Well, guess what? It gave back exactly the answer that I would be grading as an A answer. And I’m asking myself, “Well, this is pretty fantastic.” And then, I went back to see some of the students’ responses. I don’t know how to say this all Oliver, but some of them were eerily similar to ChatGPT. So, either I have wonderful students, and I do have wonderful students, or we are talking about whether or not GPT will affect us, and in fact, Oliver, I think it may already be affecting us, as we speak. So, I don’t know a whole lot about it.

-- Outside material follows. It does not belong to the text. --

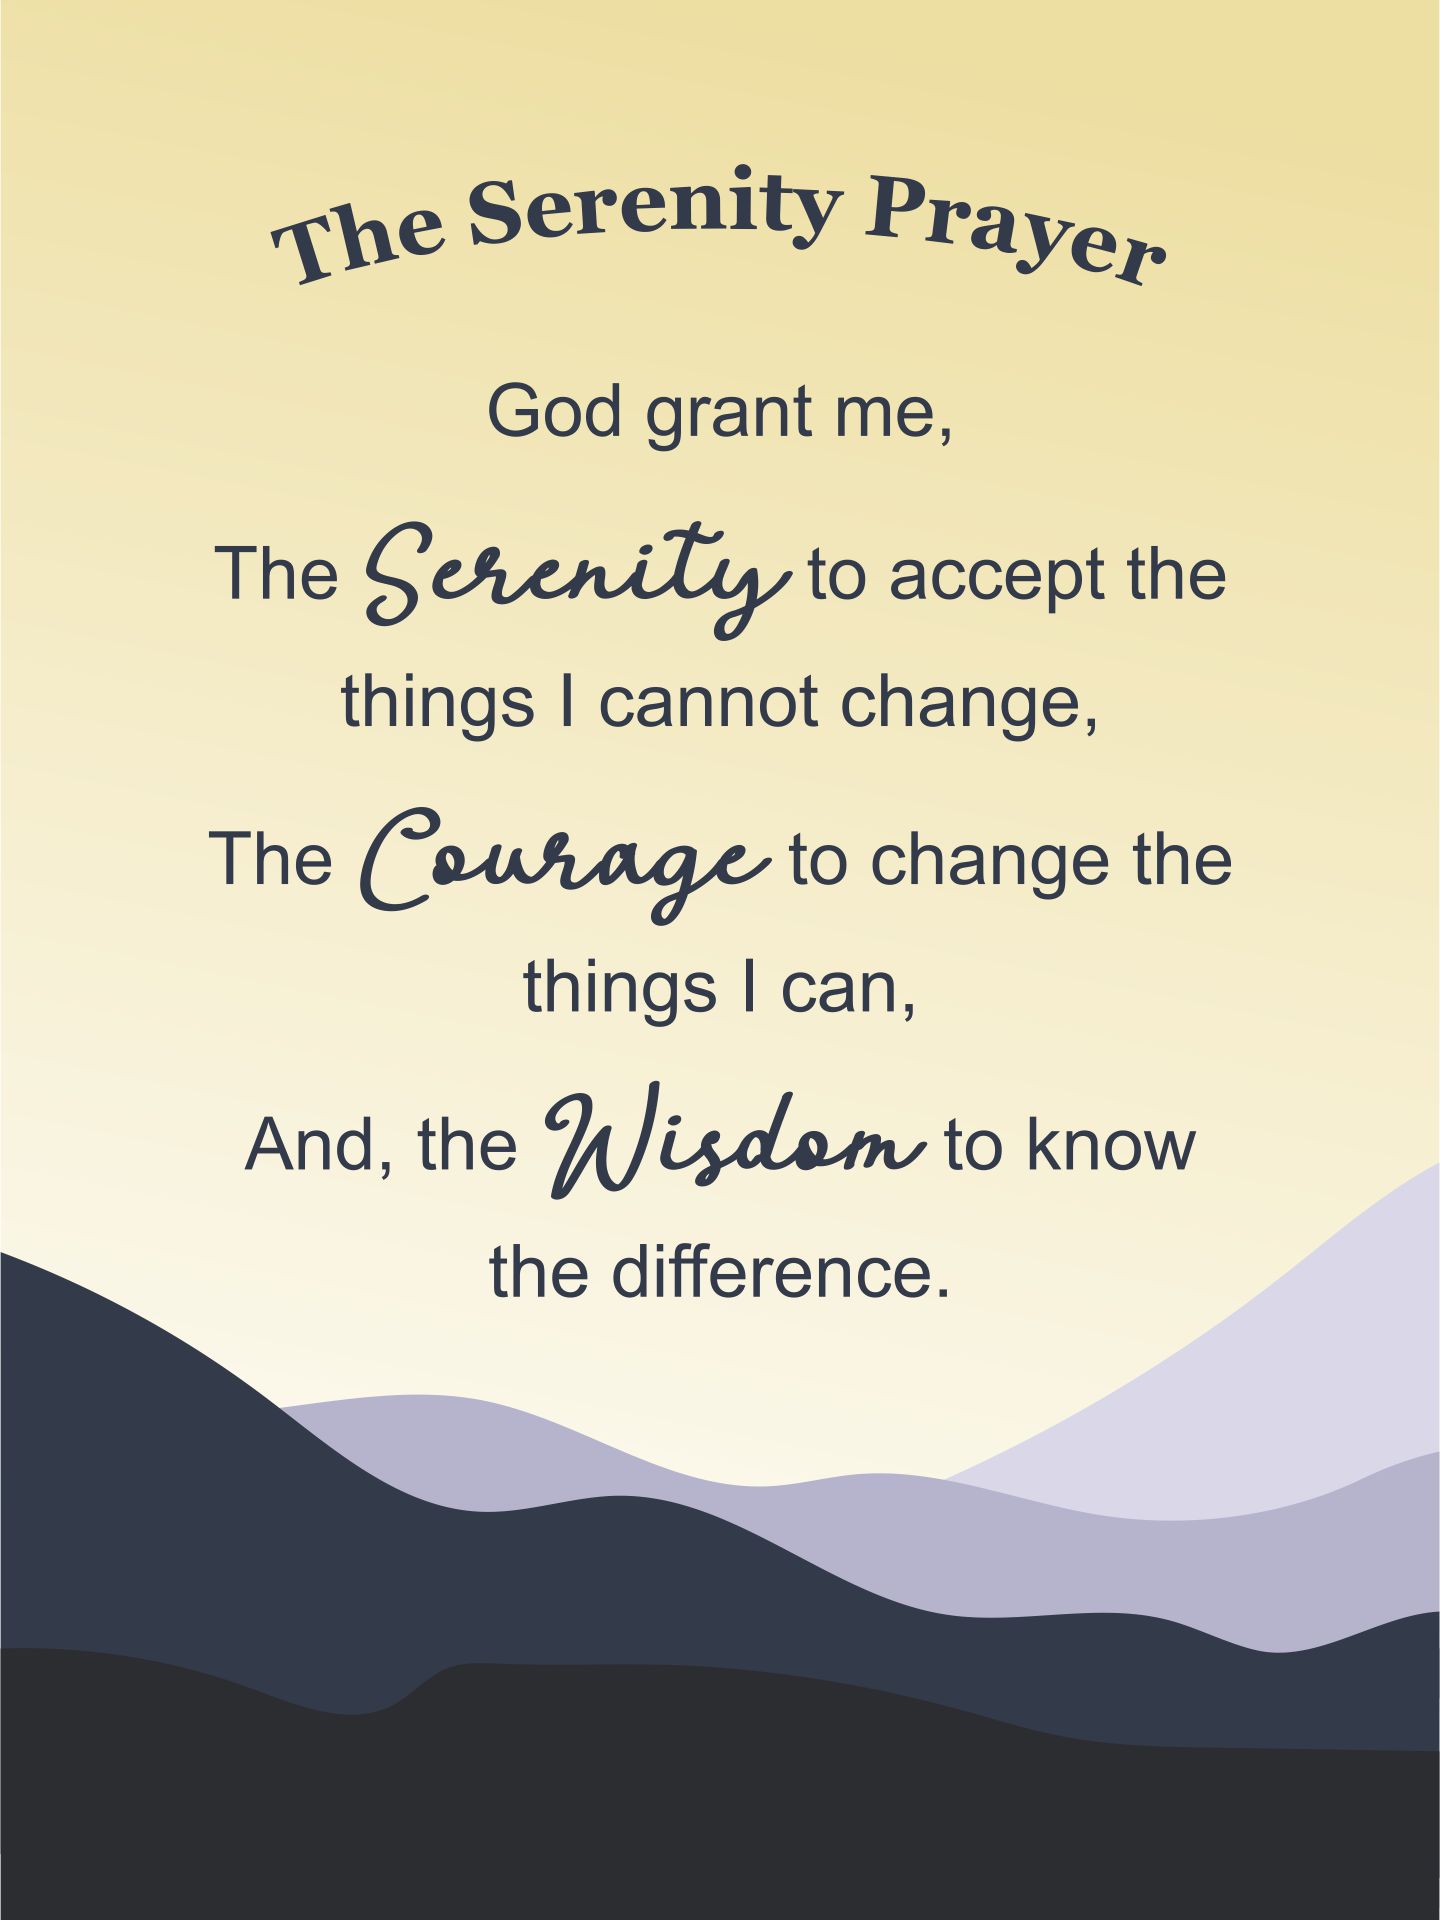 9 Best Images Of The Serenity Prayer Printable Version Serenity - Vrogue

I described to you what I do know, and I think it’s a wonderful tool in terms of what it can do.

Oliver Hedgepeth: I hear you loud and clear, and just this week I was on another conference with some professors we were all talking about this AI and how it impacts us. It is quite an interesting problem. You bring up a very good point. It seems like you may be broaching on how this is impacting student learning. What do you feel about that?

Irv Varkonyi: Let me preface that a little bit with what the purpose is for the students to be at our university. Students at our university are already adults. These are not young people who are just graduating high school, these are adults. How are they going to learn? Well, a great many of them know a lot, but how will they learn and work in the environment that they’re going to be going into? To answer your question is, what will they be experiencing in that real world? What will they be expected to do?

I think, to an extent, the university has to be closer in approximating what these students can expect. And if part of that expectation in the real world is, if you have a tool like GPT, then let’s use it, whether it can be in a number of areas such as in marketing, in operations, in technology, in risk management, then should we not be encouraging the students to use ChatGPT as a way to respond. And maybe that’s what we’re saying is, how should students respond that will help them once they’ve complete their degree?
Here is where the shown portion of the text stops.